By the year 2022, only 20% of analytics insight would be able to deliver successful business outcomes.
Organizations are smitten with data. A successful business demands smart data analytics. However, despite the resources invested by the organizations for data analytics, many of them are unable to meet the desired expectations. A report by Gartner states that by the year 2022 , only 20% of analytics insight would be able to deliver successful business outcomes. Prashanth Southekal, a business analytics author says that even though most companies have resources, technology, people and data, they fail to manage data and insights. That’s why they do not get the desired business outcomes.

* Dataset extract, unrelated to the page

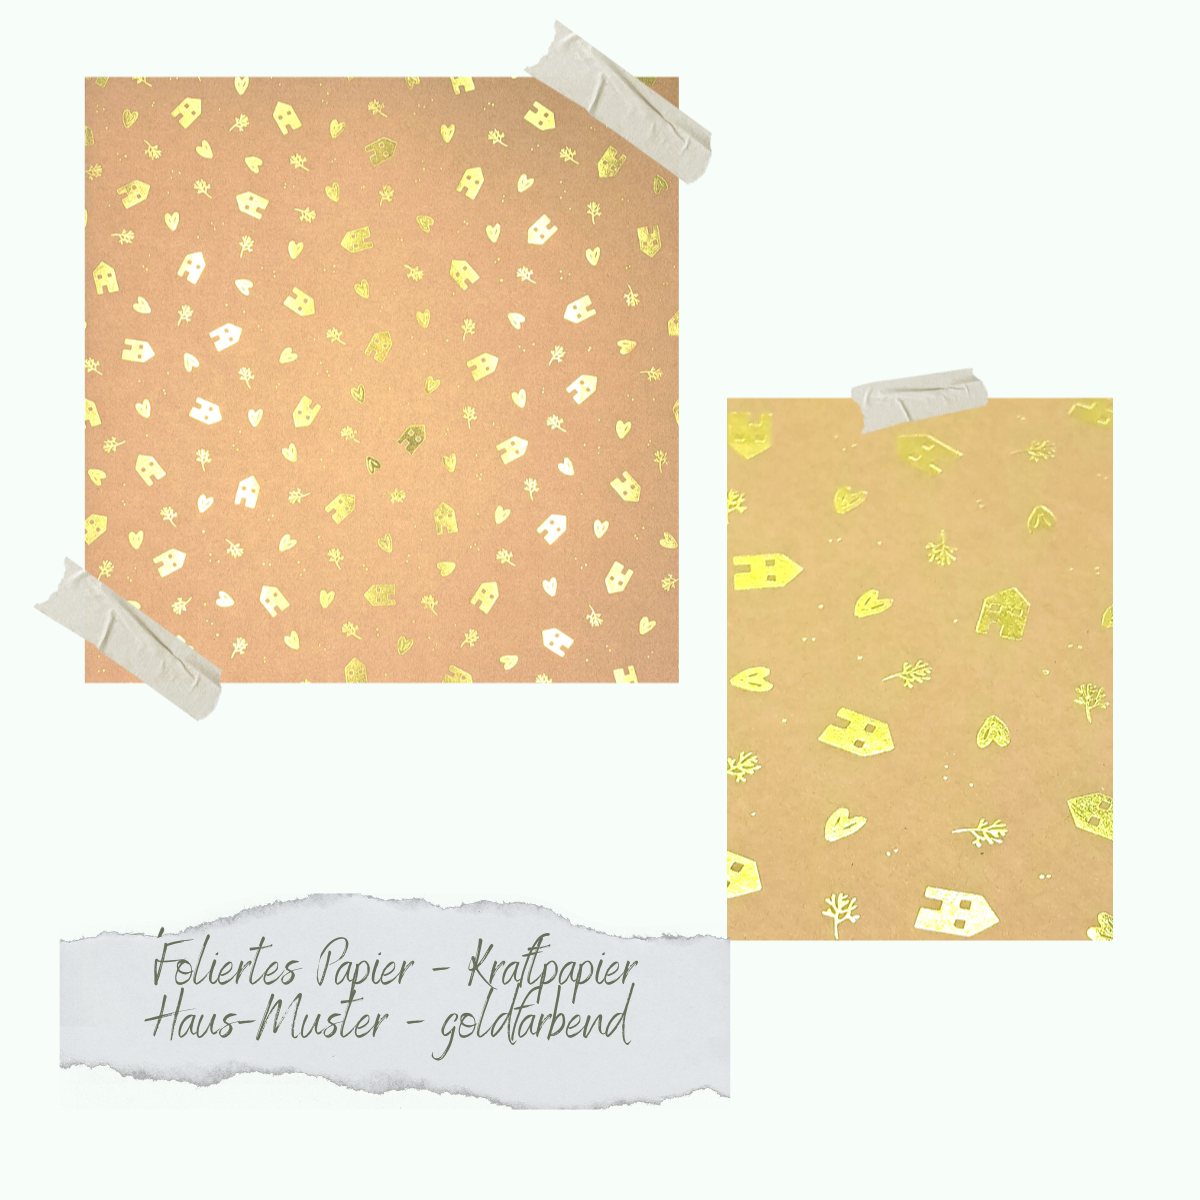 Foliertes Papier - Kraftpapier - Haus-Muster - goldfarbend

He has outlined some prominent analytics practices that would help in achieving the desired outcome.
Analytics View Of Data
Undoubtedly the generation of data on an everyday basis is humongous. Businesses are applying various methodologies for drawing meaningful insights from the data, but still are unable to reach the desired goal. Instead of focusing on the answer that could dictate the data model, organizations are more determined to collect huge amount of data. This makes the task of assembling and segregating data time-consuming.
Southekal outlines three major types of classification of data that would assist in drawing out meaningful insights. One when the data is collected, it must be stored as reference data, which covers business categories such as plants, currencies and line of business, master data, which includes suppliers, products and customers, and transactional data, which involves purchase orders, invoices and payroll runs.
Sourcing Data Strategically
The data that is collected by companies is often either not correct, or is not enough to draw meaningful insights. While many companies wait to collect the proper data, Southekal points out that for successful analytics, perfection is not necessary, but focus must be given at progression.
Southekal says that if the organizations are unable to retrieve quality data then it can be acquired, either through purchase from providers or from open source resources. Another method of sampling the data will make the data more useable, and will reduce the cycling data. Moreover, Southekal suggests feature engineering as another option where machine learning models can be leveraged in existing data set, domain expertise and intuition into smarter data tuned for analytics.
Moving from Analytics Projects to Analytics Products
Southekal emphasises that instead of making efforts to channel analytics projects, organizations must focus on analytics products. This approach will be lucrative for business performance and will garner financial benefits from data insights. This approach also broadens the horizon of improvement and smart decision making.
Focusing on the Stakeholders goals for key performance indicators
Another practice for drawing maximum benefits from the analytics is to keep in focus the stakeholders goals. As they are an important entity for a successful business, the engagement and support of stakeholders must be initiated at the early levels of analytics operations. It becomes imperative to achieve successful business outcomes, that the stakeholders’ specific requirements, and assumptions must be clarified.
Building strong Analytics Team
While organizations invest heavily on building resilient and impactful data teams, structuring analytics team is not a priority. Southekal points that for establishing successful analytics, the companies must cultivate hypothesis-based methodologies mindset, and that analytics expertise amalgamates financial or regulatory reporting to involve operations and growth revenue.